- GIVEN MATERIAL -
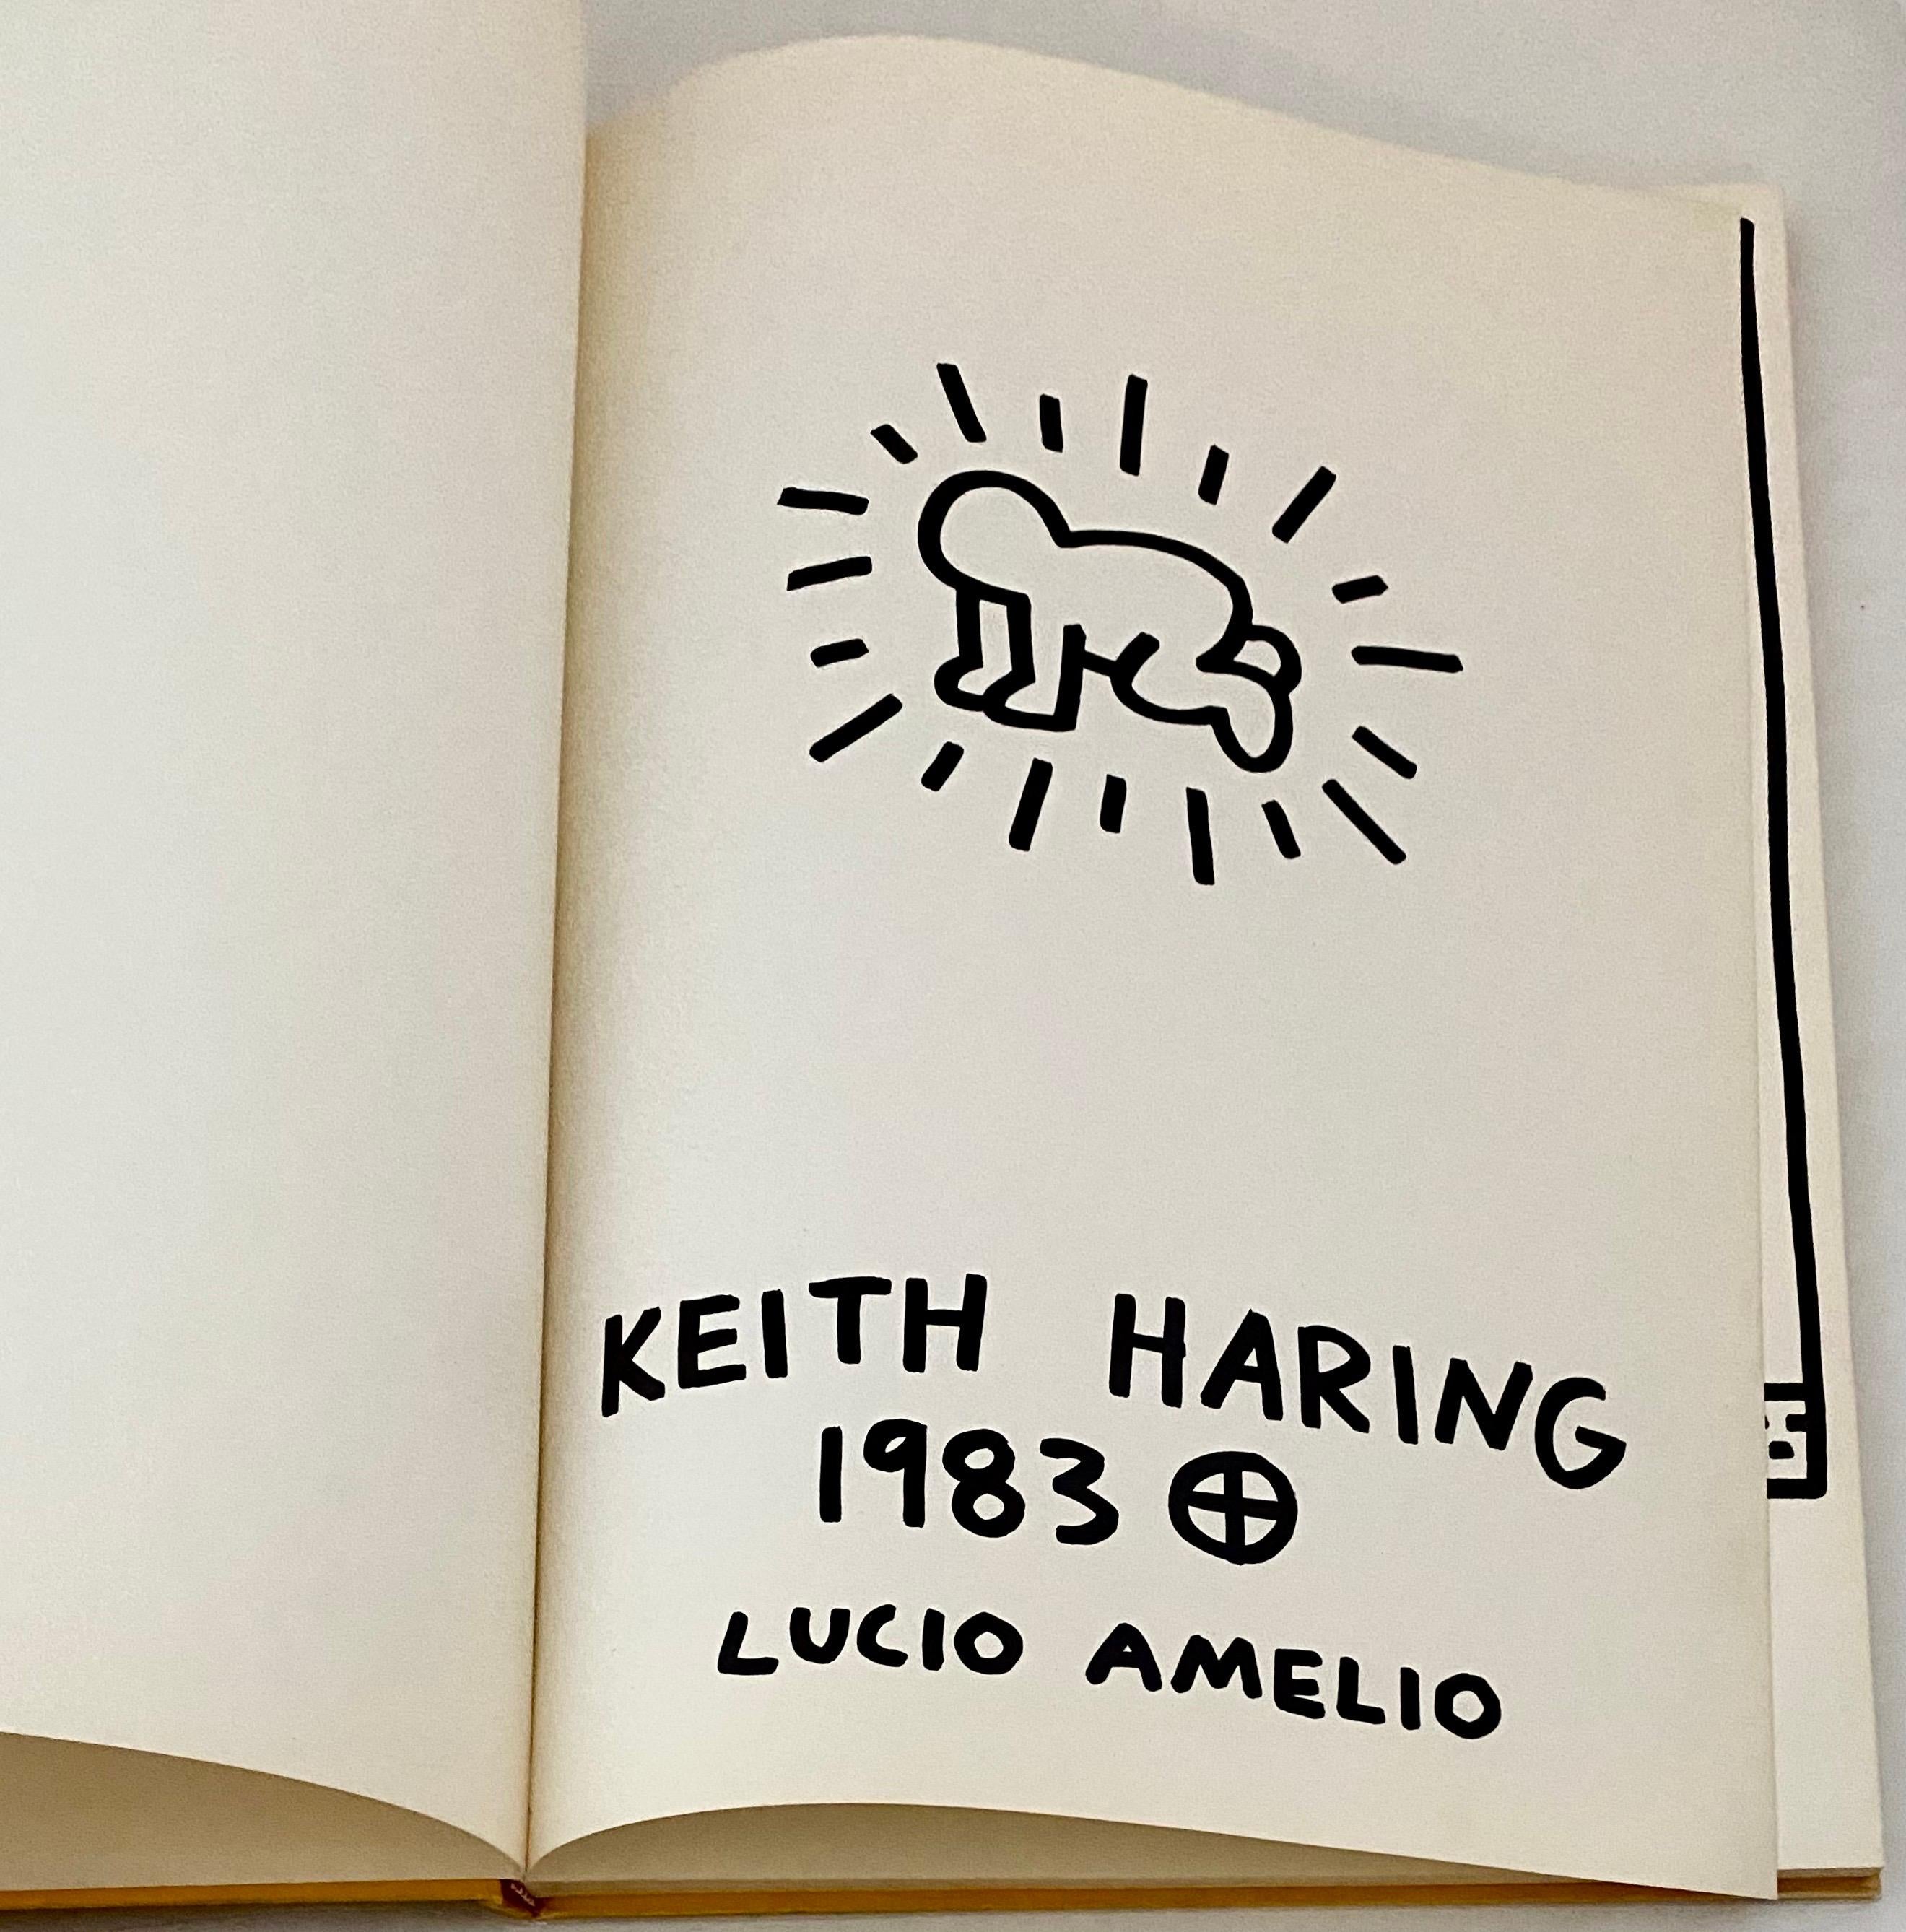 Keith Haring Lucio Amelio 1983:
The rare, much sought-after 1983 Keith Haring artist book containing 30 large sized original lithographs created by Haring on the occasion of: Keith Haring at Lucio Amelio Gallery, Naples 1983. From a limited edition
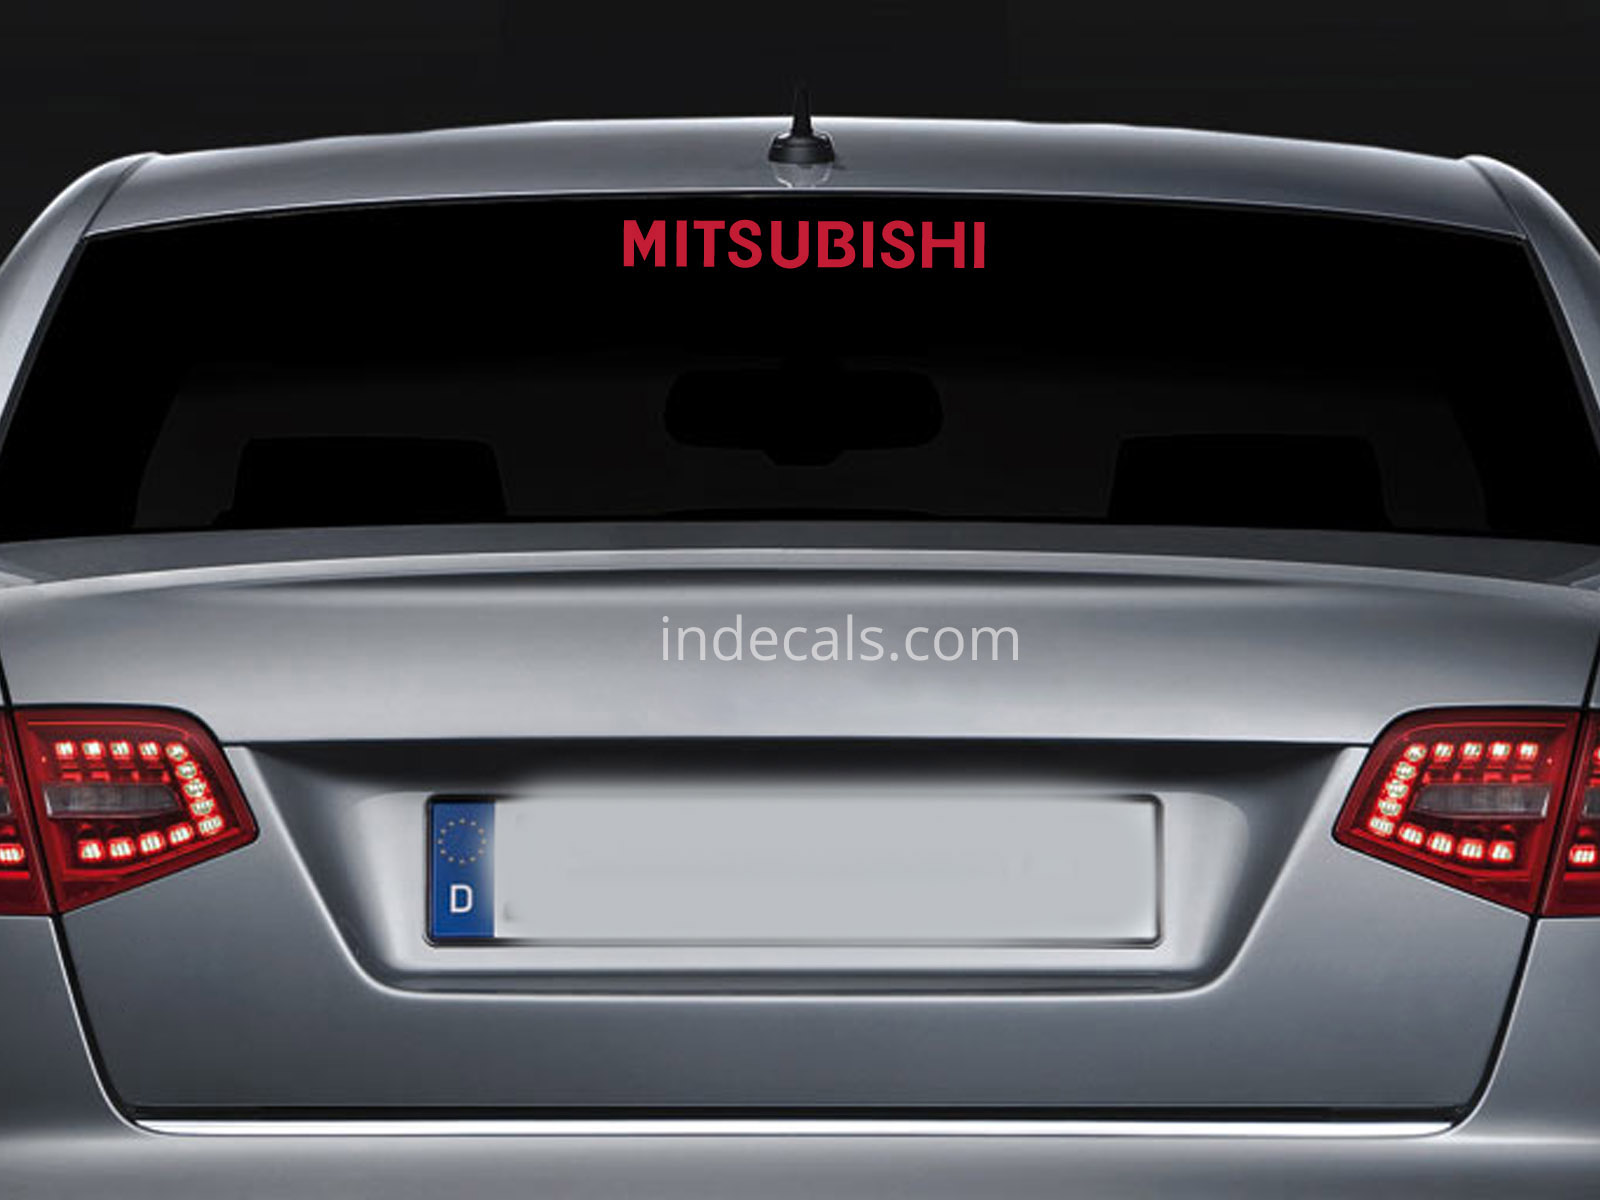 1 x Mitsubishi Sticker for Windshield or Back Window - Red

- THE TASK -
Print all the material above exactly, and drop the images.

- YOUR RESPONSE -
 Keith Haring Lucio Amelio 1983:
The rare, much sought-after 1983 Keith Haring artist book containing 30 large sized original lithographs created by Haring on the occasion of: Keith Haring at Lucio Amelio Gallery, Naples 1983. From a limited edition
 1 x Mitsubishi Sticker for Windshield or Back Window - Red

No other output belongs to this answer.